PMC

Sequence alignment of PvRBP family. (Left) Alignment of the sequence corresponding to the crystallized fragment of PvRBP2a with sequences of six other members of the PvRBP family highlights a conserved domain. The secondary structure elements of PvRBP2a are shown above the alignment. The bonded pairs of cysteine residues are highlighted in yellow and marked with green numbers. (Right) Two orthogonal views of the PvRBP2a structure, with conserved amino acid residues highlighted as magenta sticks. The conserved residues have a mostly hydrophobic character and are involved in packing of the helical core.

Crystal structure of the PvRBP2a erythrocyte-binding domain. (A) Three orthogonal views of the molecule. The overall fold of the protein is formed by 10 antiparallel α-helices and one short β-hairpin. Molecule is shown in ribbon representation colored in rainbow from blue at the N terminus until red at the C terminus. The cysteine residues forming disulphide bridges are shown as yellow sticks. (B) Sample of the electron density around the residue F181 forming a γ-turn. The 2F_obs − F_calc map is contoured at 2σ and shown as blue mesh. Protein is shown in ball and stick representation with carbon shown in green, nitrogen in blue, oxygen in red, and sulfur in yellow.

Asymmetric unit content analysis. (A) An overall view of the asymmetric unit. Molecule A includes 298 residues spanning 160–455 amino acids of PvRBP2a and a di-peptide GS fragment that was introduced as a cloning artifact. Molecule B spans residues 160–450 but is less well-defined, in which residues 392–398 could not be convincingly modeled, yielding a structure with a total of 284 residues. The buried interface area between two molecules present in the ASU is around 1,340 Ų as calculated using the PISA server. Molecules A and B are colored in blue and green, respectively, and are shown as ribbon and surface representation. (B) Superimposition of the two molecules present in the asymmetric unit. Molecules are shown as ribbons colored with the colors corresponding to the rmsd between two molecules.

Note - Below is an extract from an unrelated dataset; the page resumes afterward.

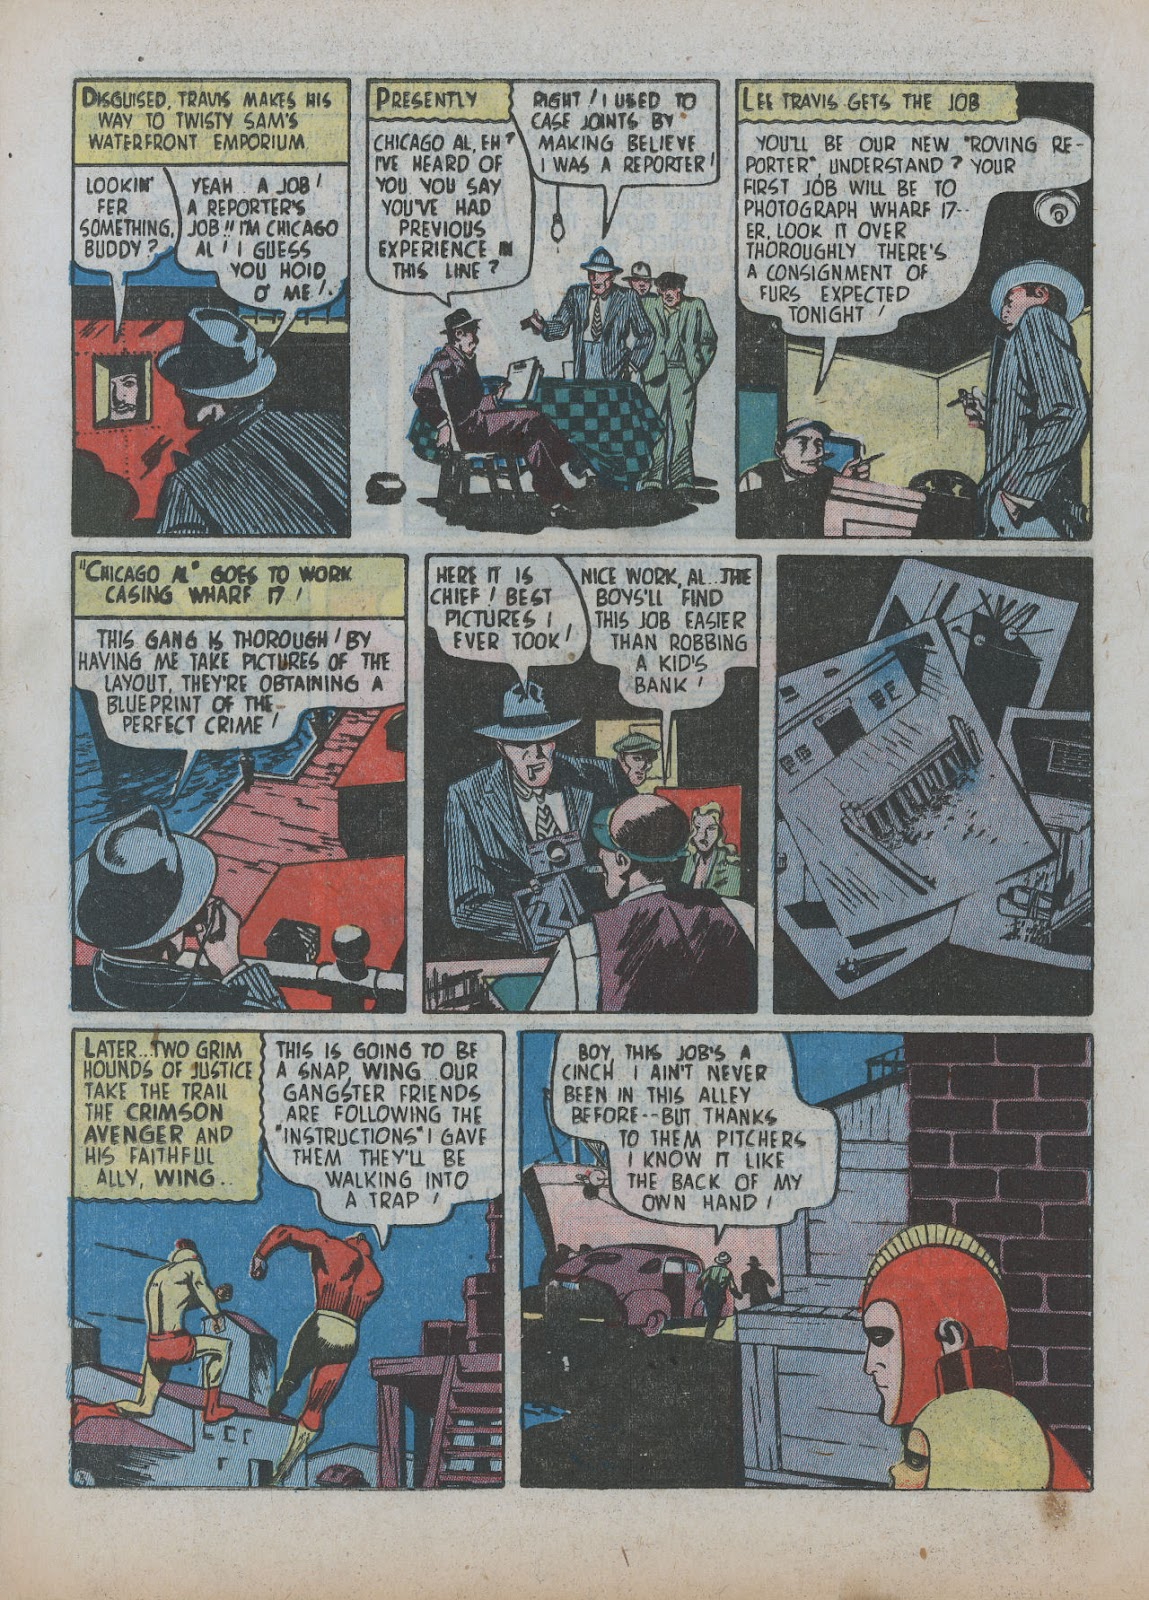 Comic Detective Comics 1937 Issue 76 Buddy Gang Boy 63 English 34

Dark blue shows good alignment, and higher deviations are in orange/yellow/red. Residues not used for alignment are colored white.

Structural differences between PvRBP2a (magenta) and PfRh5 (blue). The PDB accession code for PfRh5 is 4WAT. (A) Close view of the N-terminal part of the molecule. The β-hairpin is rotated by 180 degrees between two structures. The N termini of both molecules are labeled. The loop connecting strand β2 and helix α1 in PvRBP2a includes a classic γ-turn with F181 localized in its center. The loop in PvRBP2a is colored in yellow, with F181 shown as sticks. (B) Helix α3 in PvRBP2a is divided into two parts by a β-turn formed by amino acids Q273 to M276. Additionally, the helix α2a is shifted compared with the corresponding helix in PfRh5. The β-turn formed by amino acids Q273 to M276 is colored in yellow. The cysteine residues forming an overlapping disulphide bridge are shown as yellow sticks. (C) The disordered loop in PfRh5, including residues S257 to D294 and represented schematically as a dashed line. A corresponding place in PvRBP2a forms only a very short helix α2c and consists of residues P244 to H247.

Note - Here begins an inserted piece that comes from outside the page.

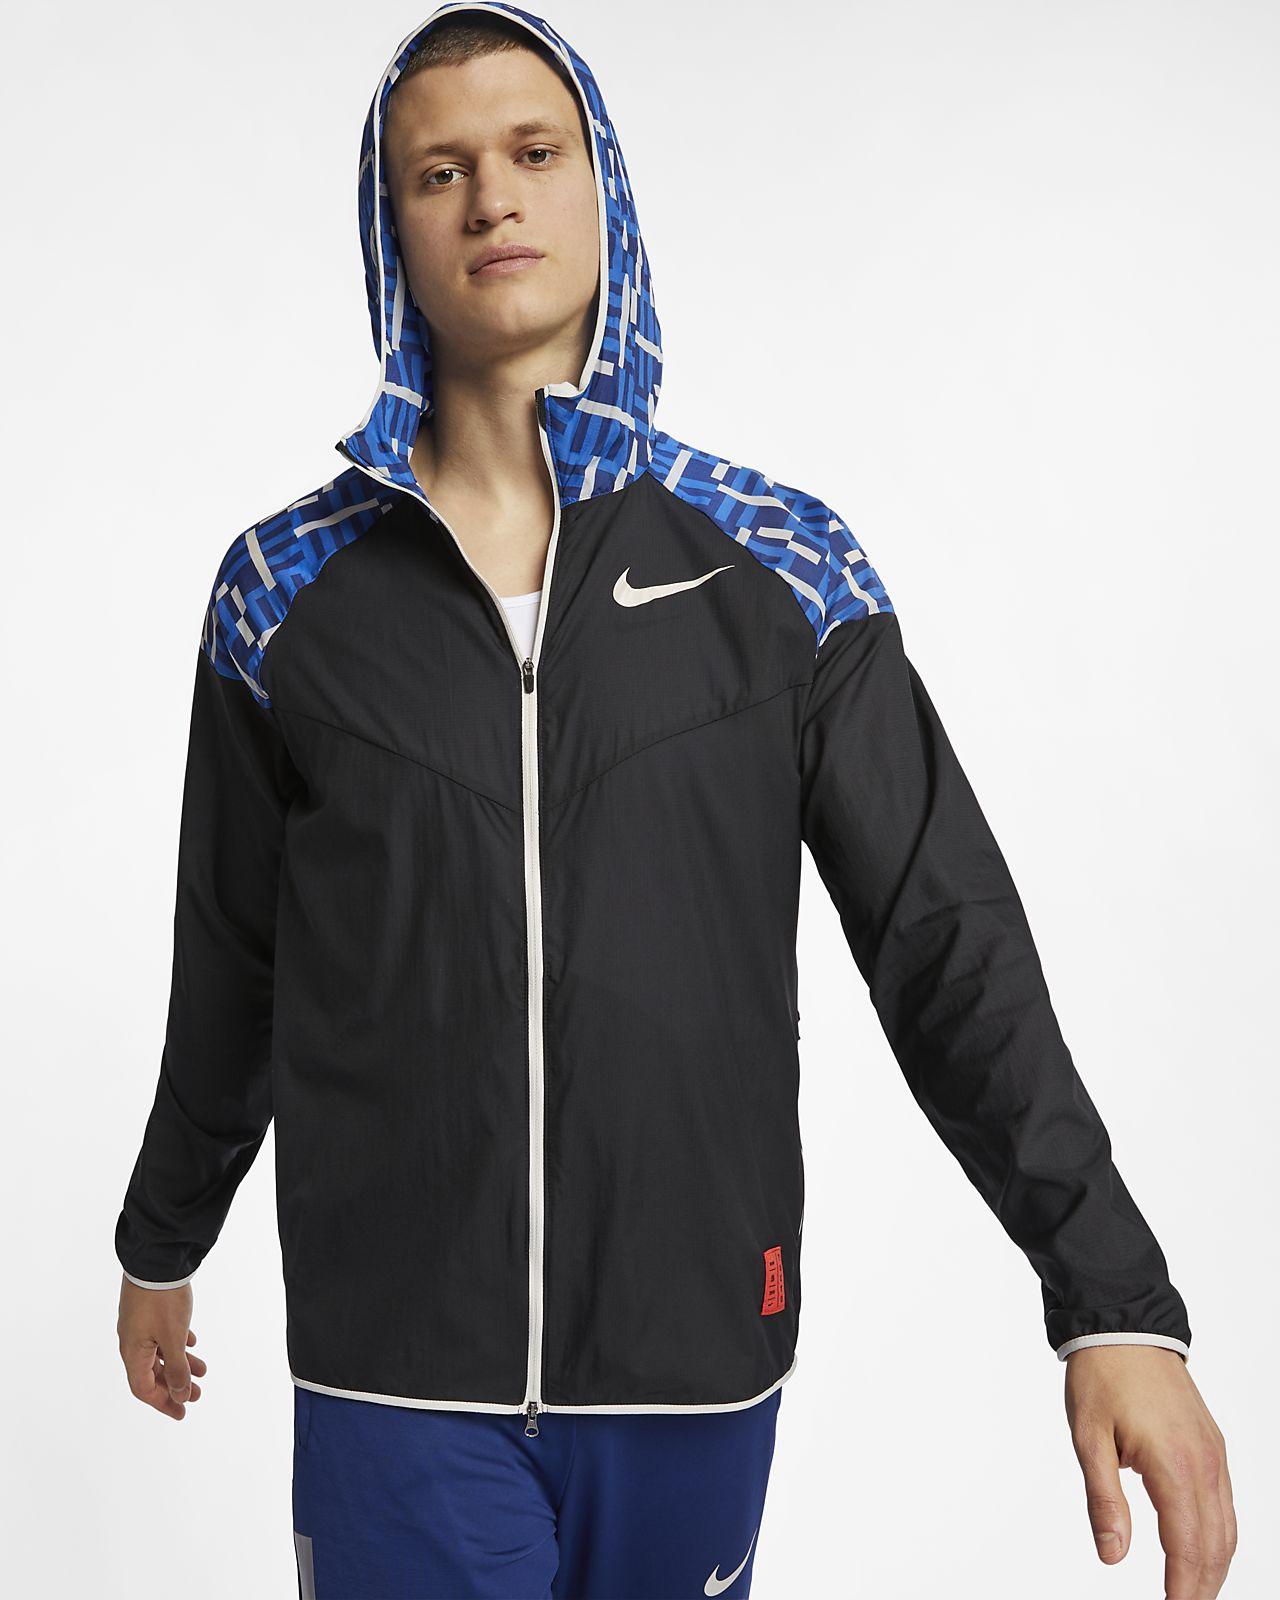 729a21d61593 Giacca da running Nike Windrunner - Uomo. Nike.com IT

PvRBP2a erythrocyte-binding characteristics. (A) Dot plots showing the enriched reticulocyte purification stained with both TO and CD71-PECy5 (Upper) or CD71-PECy5 alone (Lower). (B) Dot plots showing the binding of PvRBP2a to red blood cells (Upper). Binding was detected using an anti-PvRBP2a rabbit IgG antibody, followed by a secondary anti-rabbit Alexa 647 antibody. (Lower) A binding control where no protein was added before incubation with primary and secondary antibodies. (C) Dot plots showing the binding of PfRh4 to red blood cells (Upper). Binding was detected using an anti-PfRh4 rabbit IgG antibody, followed by a secondary anti-rabbit Alexa 647 antibody. (Lower) A binding control where no protein was added before incubation with primary and secondary antibodies. (D) Bar charts showing the percentage of binding of CD71-PECy5, PvRBP2a, and PfRh4 to mature erythrocyte (TO⁻) vs. reticulocyte (TO⁺) populations. Error bars represent SEM of three independent repeats. (E) PvRBP2a binding to erythrocytes is neuraminidase- and chymotrypsin-resistant but trypsin-sensitive whereas PfRh4 binding is unperturbed by neuraminidase treatment. A flow cytometry-based red blood cell-binding assay was performed using untreated erythrocytes (Un), neuraminidase (Nm), low trypsin (LT), high trypsin (HT), and chymotrypsin-treated erythrocytes (CHY). Low trypsin and high trypsin refer to treatments with 0.1 and 1.5 mg/mL enzyme, respectively.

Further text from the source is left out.